Evaluating multimodal GRNs

Evaluating multimodal GRNs#

Evaluating a multimodal gene regulatory network (GRN) requires two ingredients: a multiome dataset, comprising paired single-nucleus RNA-seq and ATAC-seq measurements, and a GRN inferred from that dataset. Together, these allow systematic assessment of whether the inferred regulatory relationships are supported by independent lines of evidence.

gretapy organizes evaluation into four complementary metric categories:

  • Genomic: assesses whether GRN elements (TF binding sites, CREs, CRE-to-gene links) are supported by genome-wide measurements.

  • Predictive: tests whether the GRN topology can predict molecular readouts, such as gene expression from TF activity or the presence of active gene sets.

  • Literature: checks whether the TFs, TF-TF interactions, and TF-gene pairs in the GRN are supported by curated, experimentally validated evidence from the scientific literature.

  • Mechanistic: evaluates whether the GRN can reproduce functional outcomes, including TF activity in perturbation experiments, gene expression changes after TF knockouts, and cell-type-specific steady states.

To support evaluation out of the box, gretapy provides 12 already-processed multimodal datasets spanning diverse human and mouse tissues and cell types. Each metric category can draw from multiple independent databases (e.g. ChIP-Atlas, ReMap2022, and UniBind for TF binding) or involve multiple subtasks (e.g. gene expression and chromatin accessibility prediction within the Omics metric), resulting in 25 distinct evaluation tasks across datasets.

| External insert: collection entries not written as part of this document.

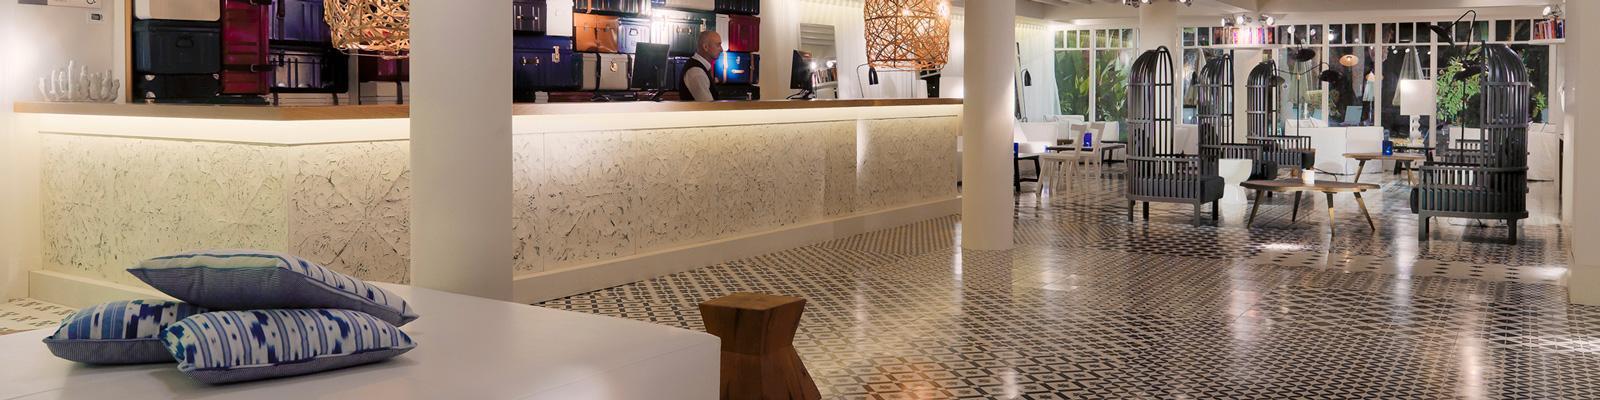 H10 Big Sur Boutique Hotel - Los Cristianos Tenerife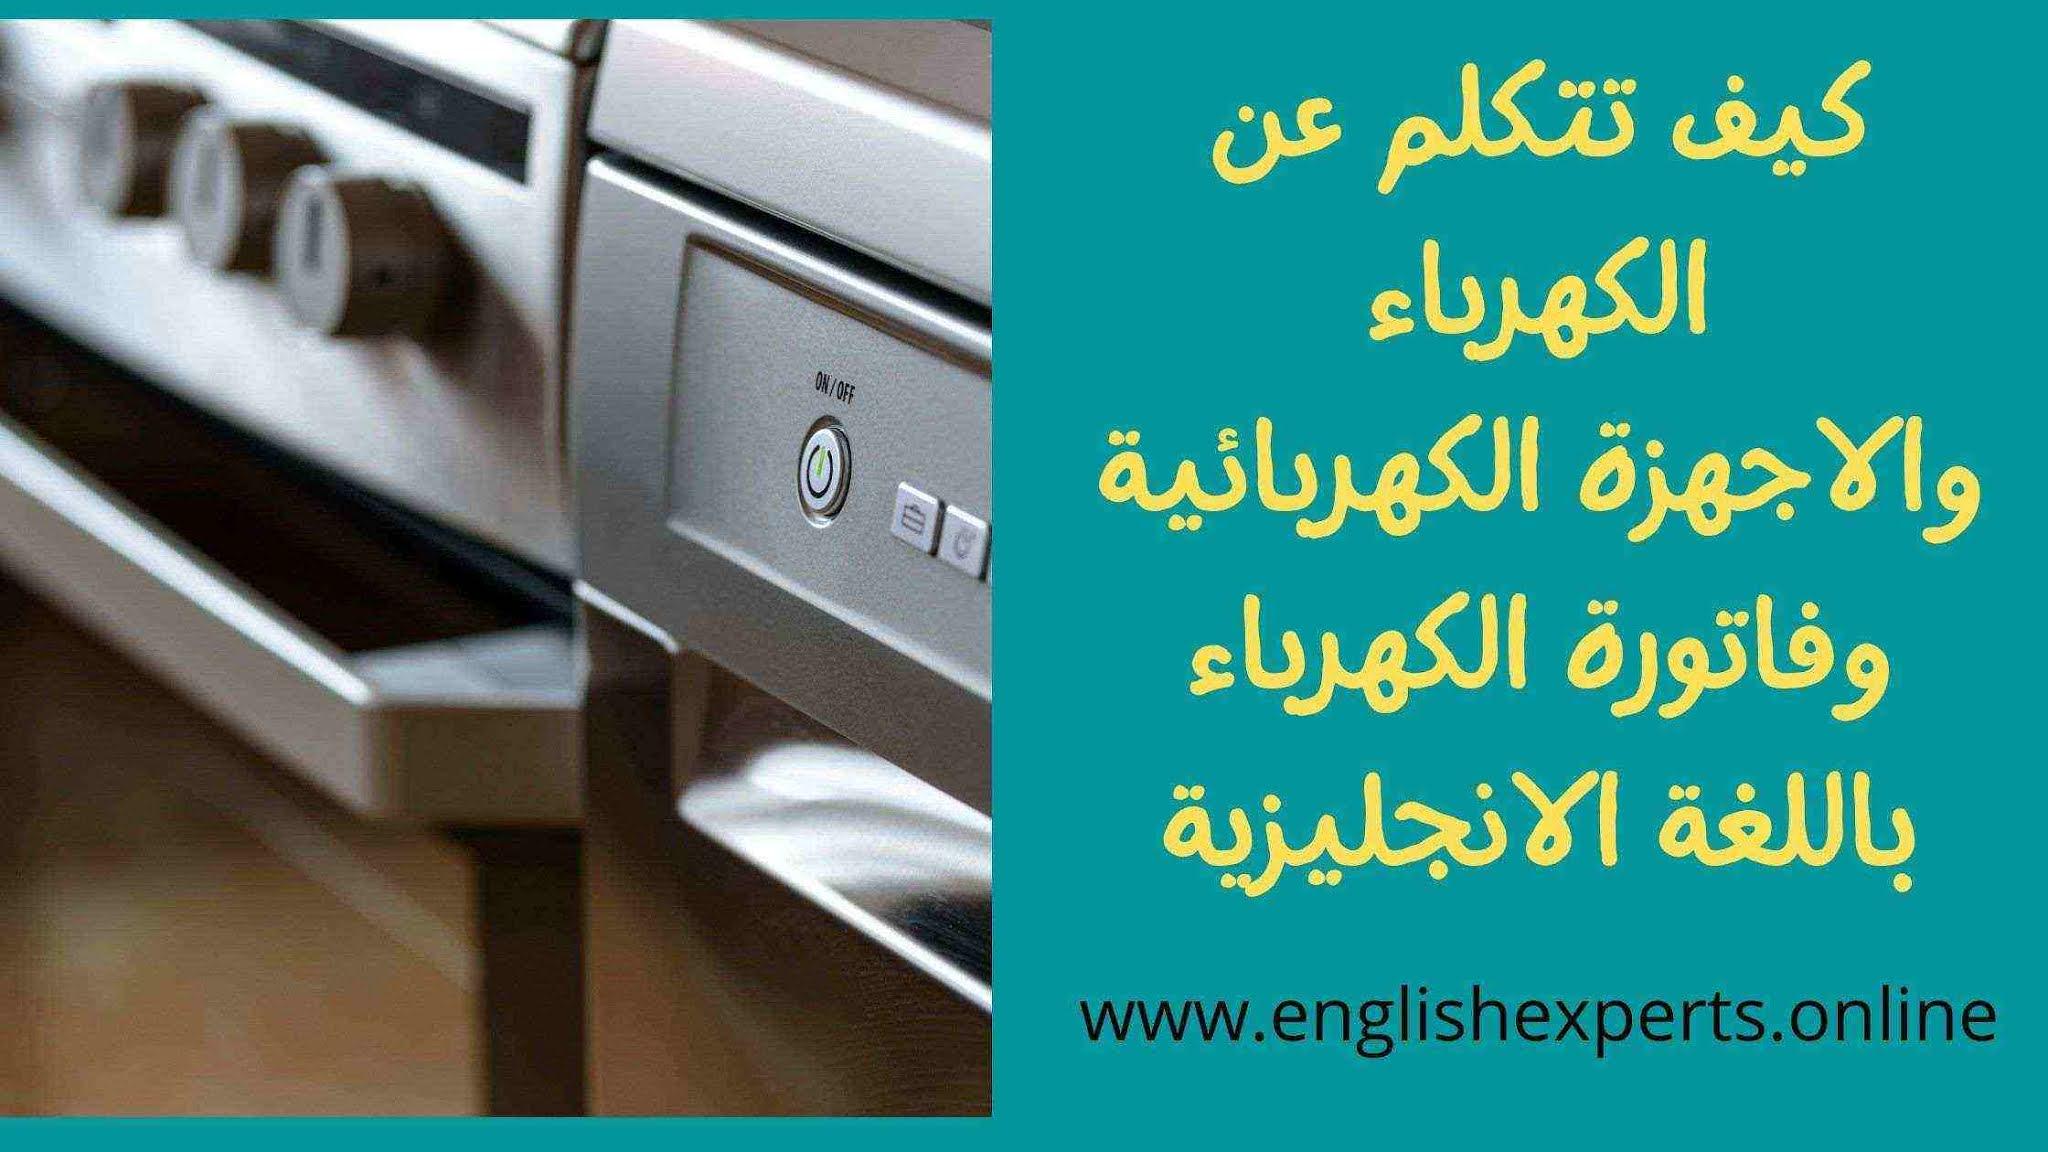 الكهرباء و الاجهزة الكهربائية وصف اي جهاز باللغة الانجليزية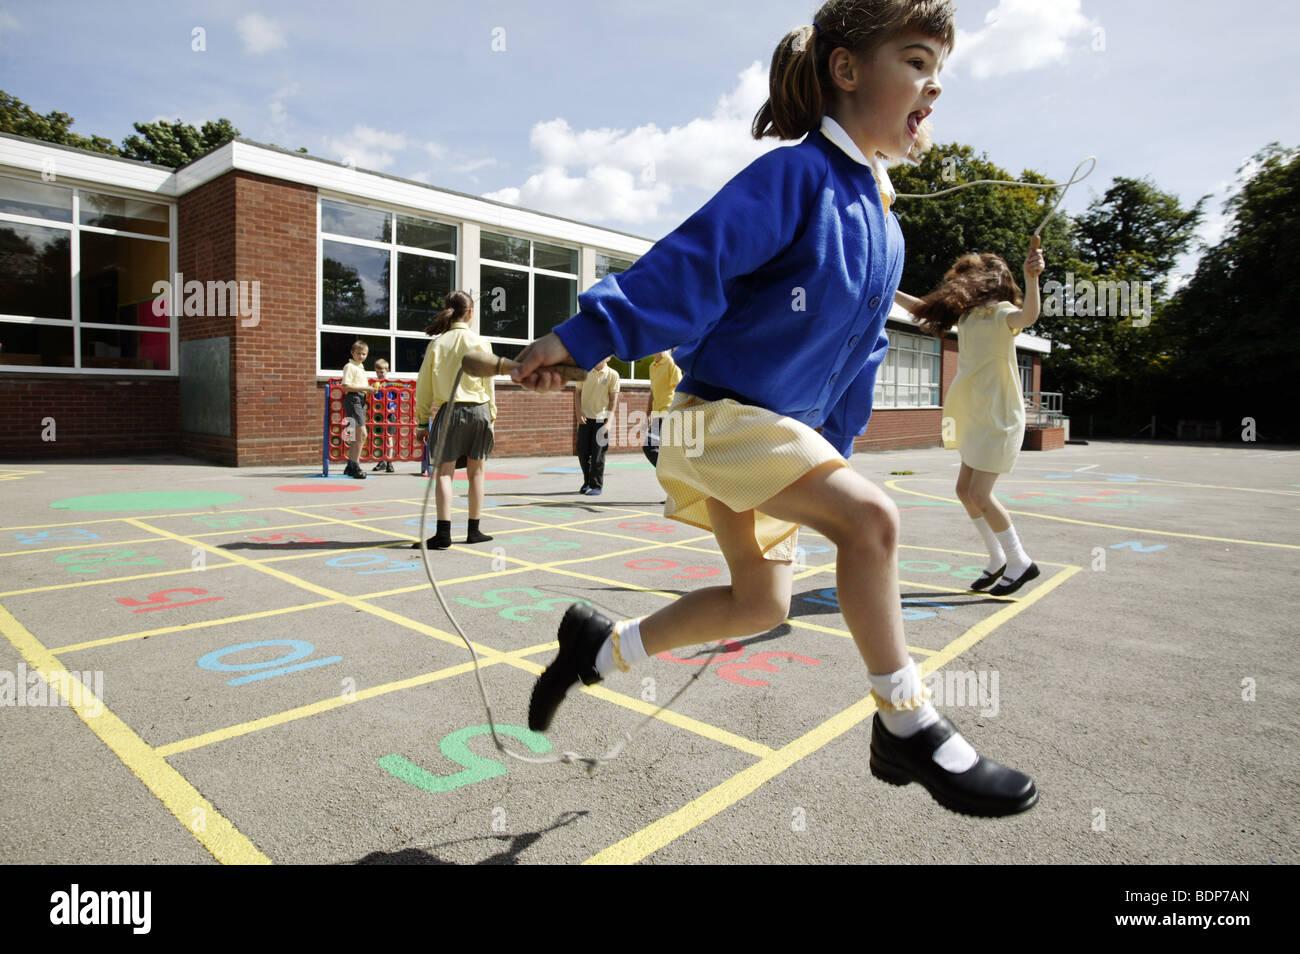 Studentesse saltando in una scuola primaria parco giochi nel Regno Unito. Immagini Stock

This multi-task design ensures that strong performance reflects consistency across diverse and orthogonal criteria, offering a robust and holistic view of GRN quality.

For each evaluation task, performance is quantified by defining true positives (TP), false positives (FP), and false negatives (FN) (Table 1). Precision and recall are then computed and summarized into an F0.1F_{0.1} score, which weights precision ten times more than recall (β = 0.1), reflecting the principle that in GRN evaluation, predicting a small set of high-confidence edges is more informative than recovering many noisy ones.

Table 1. Definition of evaluation tasks. TP: true positive; FP: false positive; FN: false negative.

Category

Task

TP

FP

FN

Genomic

TF Binding

TF-CRE in GRN and in binding collection

TF-CRE in GRN but not in collection

TF-CRE not in GRN but in collection

Genomic

CREs

CRE in GRN and in annotation

CRE in GRN but not in annotation

CRE not in GRN but in annotation

Genomic

CRE to Gene

CRE-Gene in GRN and in annotation

CRE-Gene in GRN but not in annotation

CRE-Gene not in GRN but in annotation

Predictive

Omics

Omic feature in GRN with significant predicted–observed correlation

Omic feature in GRN with insignificant correlation

Omic feature not in GRN but in dataset

Predictive

Gene Sets

Gene set in GRN and predicted present in omics data

Gene set in GRN but not in omics data

Gene set not in GRN but in omics data

Literature

TF Markers

TF in GRN and in marker collection

TF in GRN but not in collection

TF not in GRN but in collection

Literature

TF Pairs

TF-TF in GRN and in interactions collection

TF-TF in GRN but not in collection

TF-TF not in GRN but in collection

Literature

Reference GRN

TF-Gene in GRN and in reference collection

TF-Gene in GRN but not in collection

TF-Gene not in GRN but in collection

Mechanistic

TF Scoring

TF in GRN with significant activity score for perturbation

TF in GRN with insignificant activity score

TF not in GRN but in perturbation experiment

Mechanistic

Perturbation Forecasting

TF targets in GRN with significant predicted–observed correlation

TF targets in GRN with insignificant correlation

TF not in GRN but in perturbation experiment

Mechanistic

Steady State Simulation

Steady state matching one cell type

Steady state matching multiple or no cell types

Cell type not generated but present in dataset

Several evaluation tasks are made context-specific by filtering their reference databases using tissue- or cell-type-relevant terms. For example, when evaluating a dataset derived from heart tissue, only TF binding peaks annotated to cardiac cell types are retained; similarly, for brain datasets, only neuronal and glial annotations are used. This filtering ensures that evaluation reflects whether methods recover regulatory interactions relevant to the biological system under study, rather than generic genome-wide associations.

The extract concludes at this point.